◆ Given material:
##########

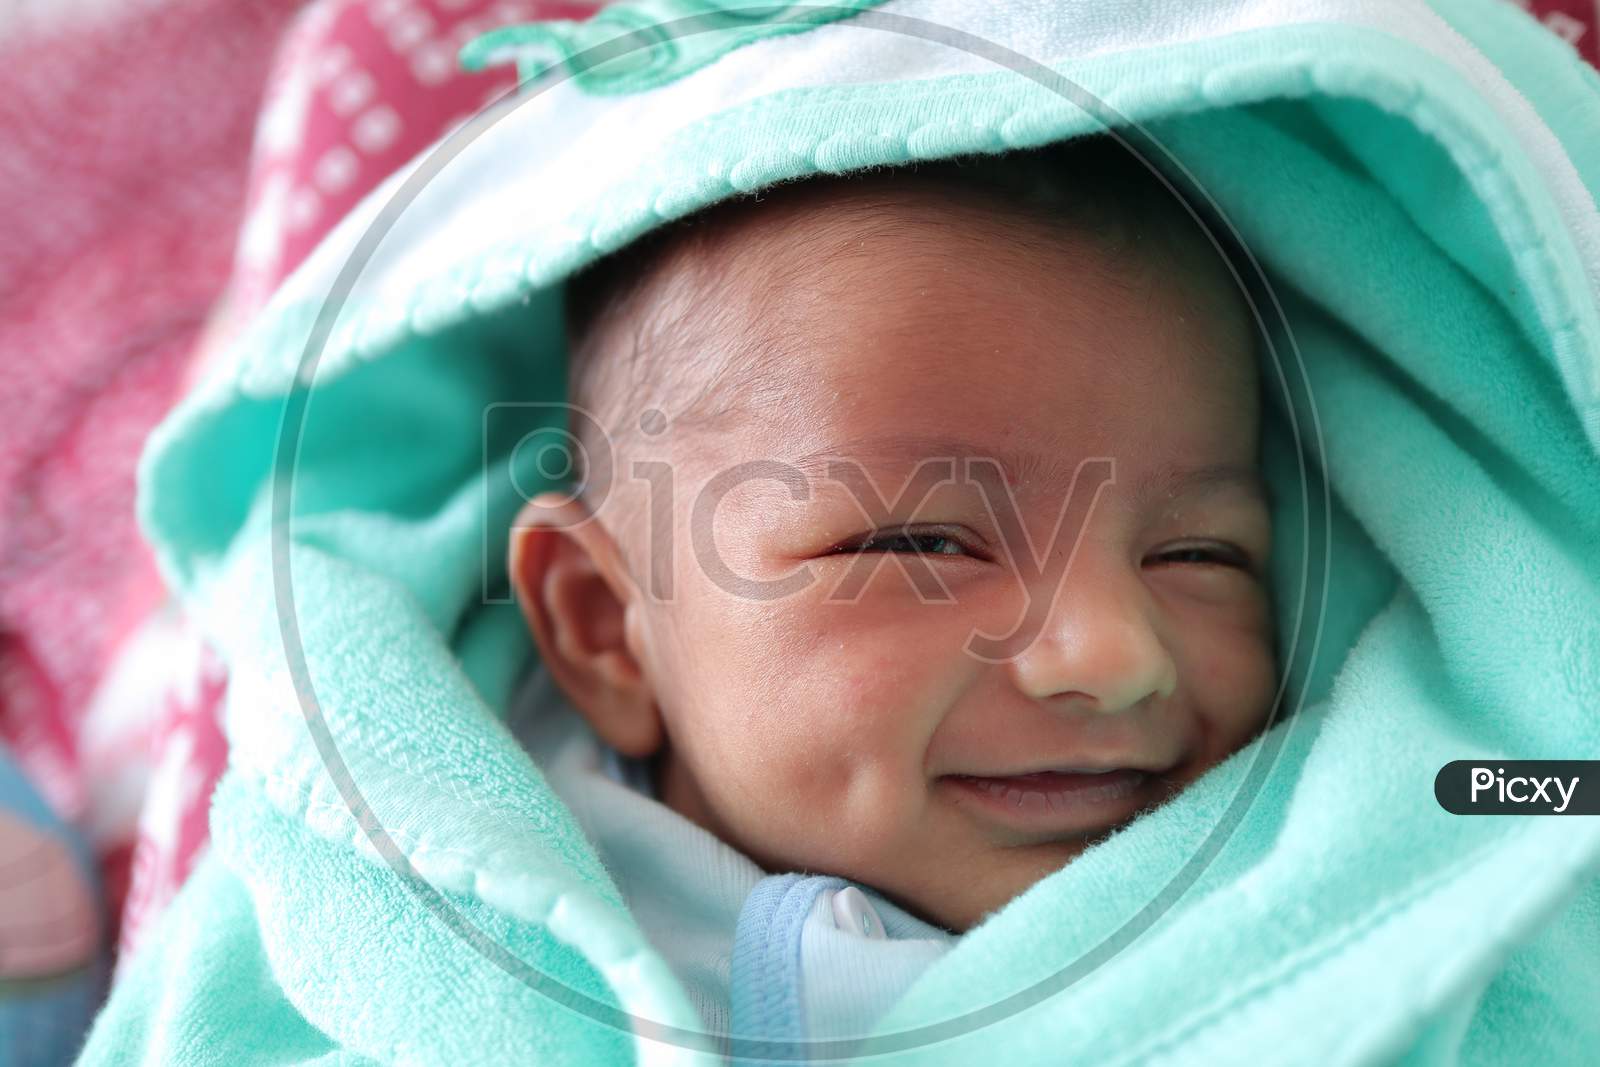 A Smiling Newborn Baby With Dimple In Cheek Wrapped In Sea Green Colored Towel With Hood With Eyes Closed With Selective Focus On Front Eye.
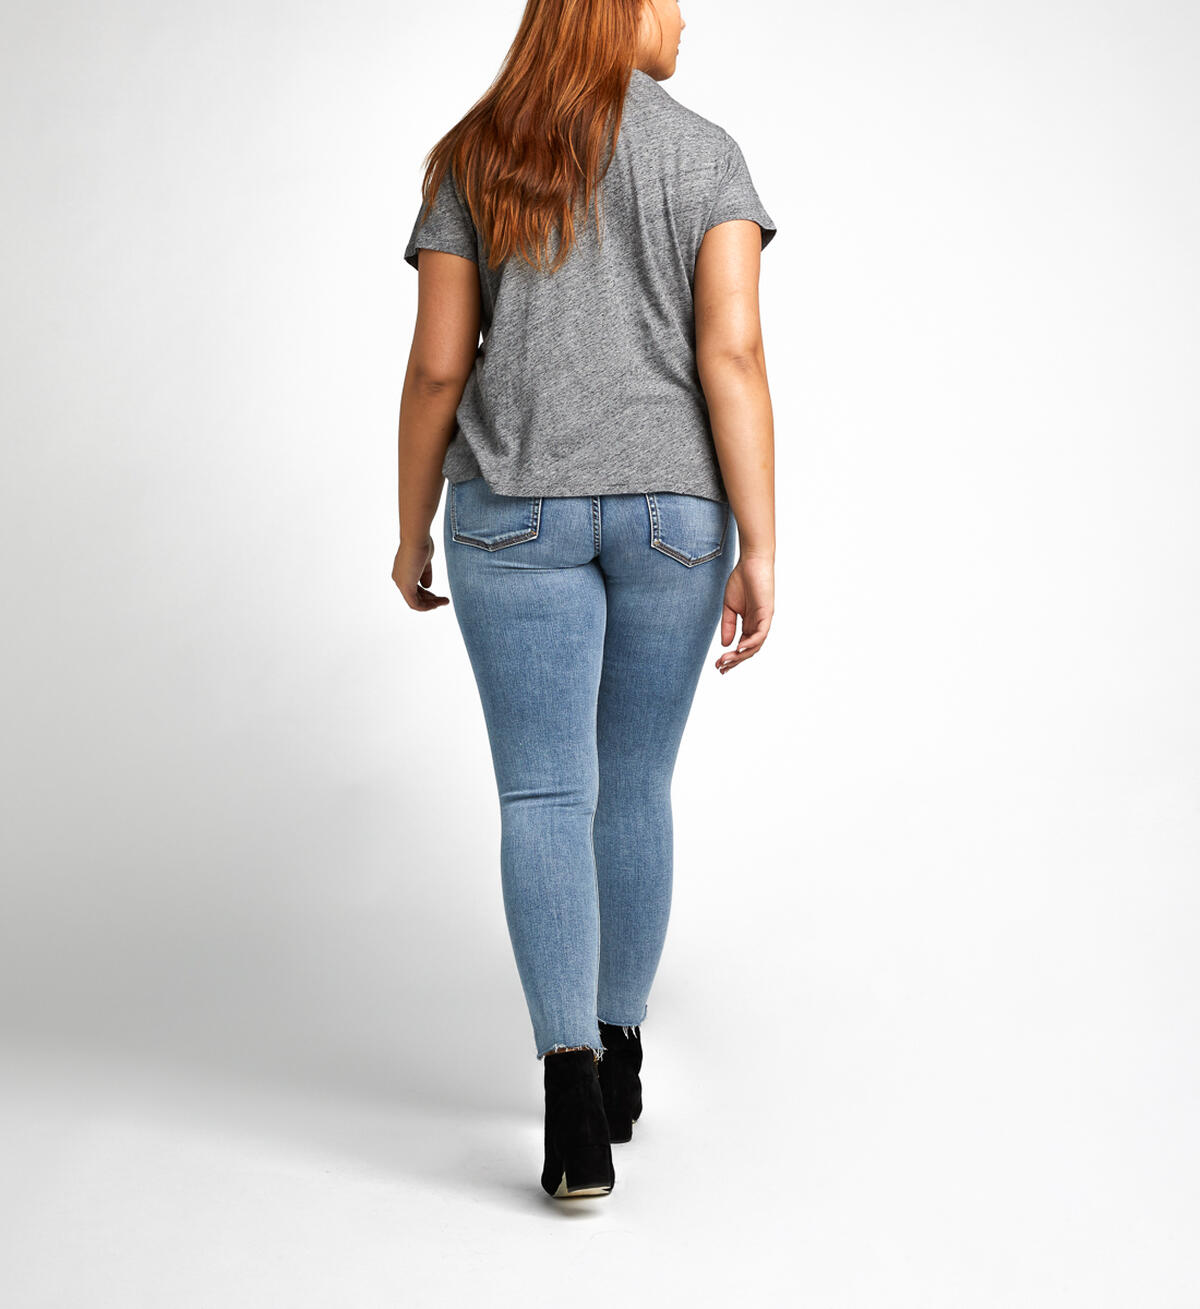 Aiko Ankle Skinny Maternity Jeans, , hi-res image number 2
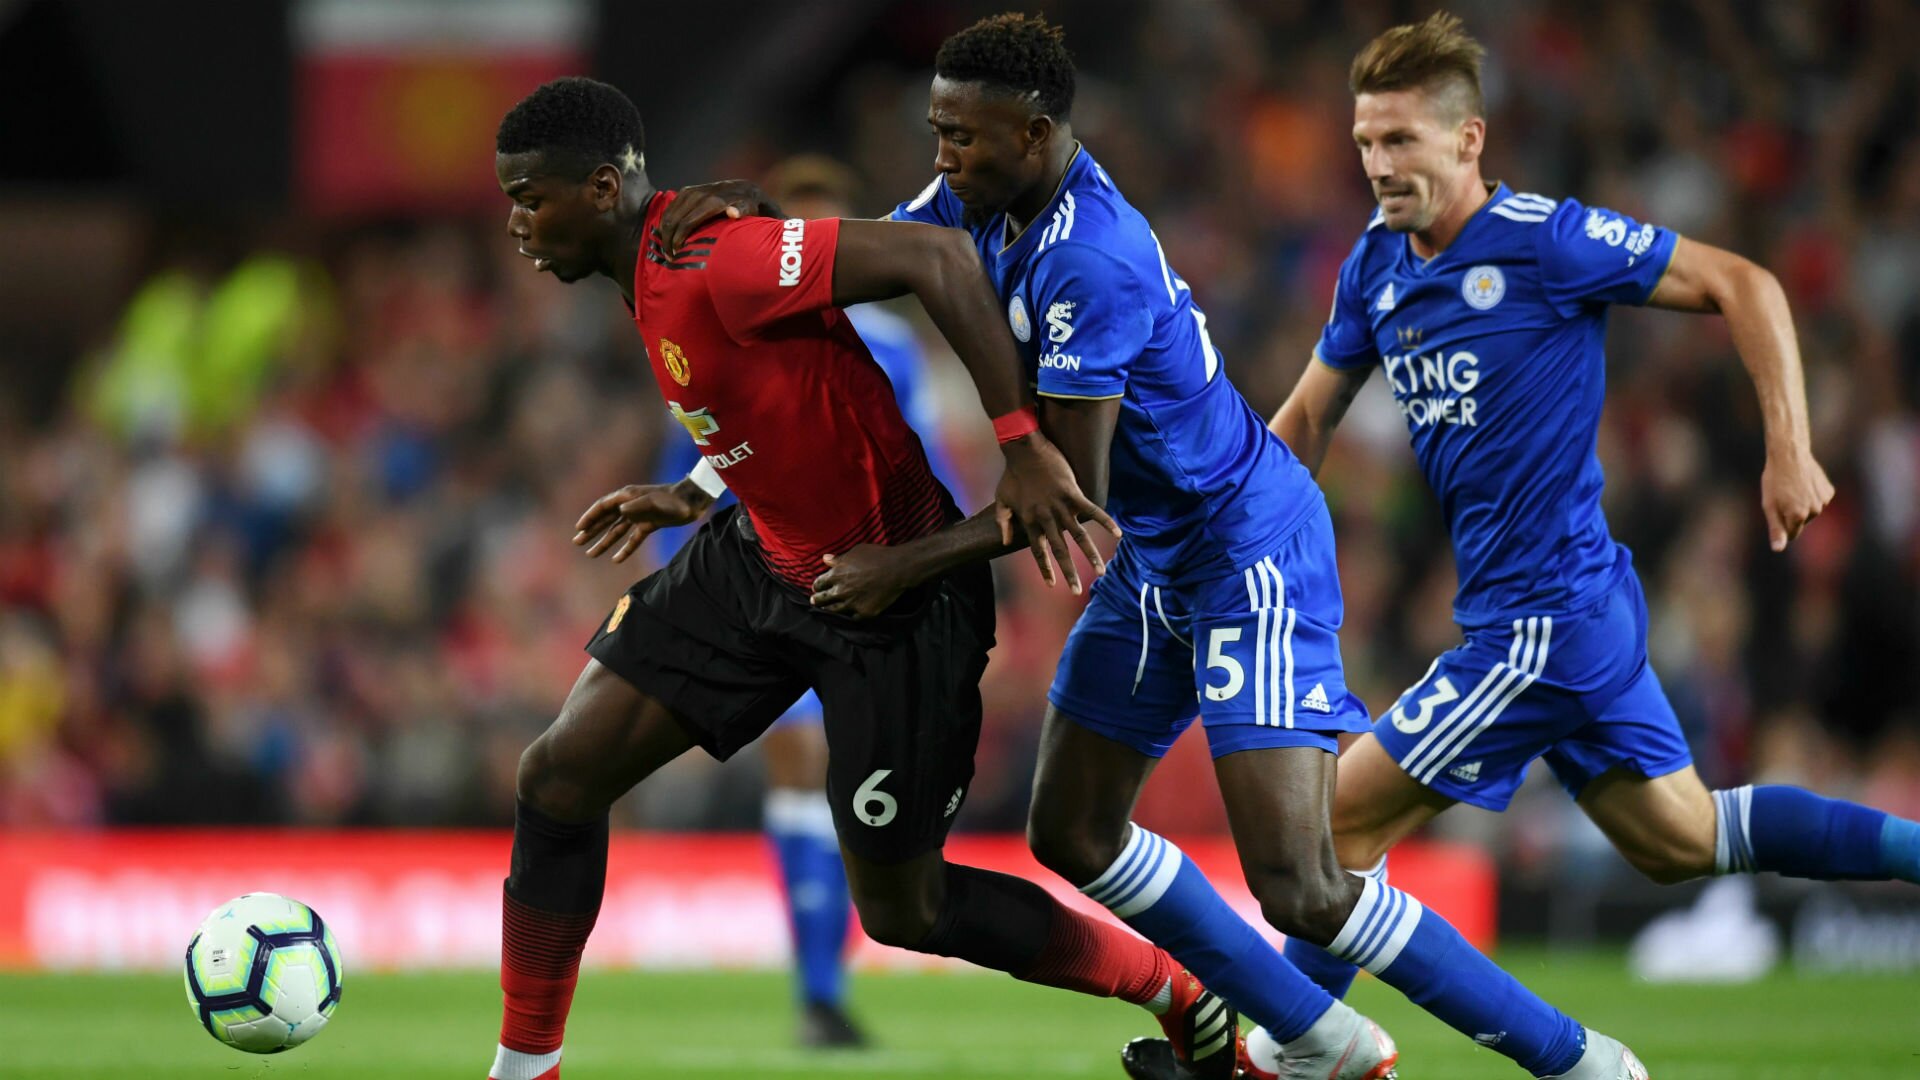 Ndidi Rues His Missed Scoring Chance In 1-0 Loss To Manchester United

##########

◆ How to complete this task: Leave every picture out, and transcribe the data above exactly as it reads.

◆ Written answer:
 A Smiling Newborn Baby With Dimple In Cheek Wrapped In Sea Green Colored Towel With Hood With Eyes Closed With Selective Focus On Front Eye.
 Aiko Ankle Skinny Maternity Jeans, , hi-res image number 2
 Ndidi Rues His Missed Scoring Chance In 1-0 Loss To Manchester United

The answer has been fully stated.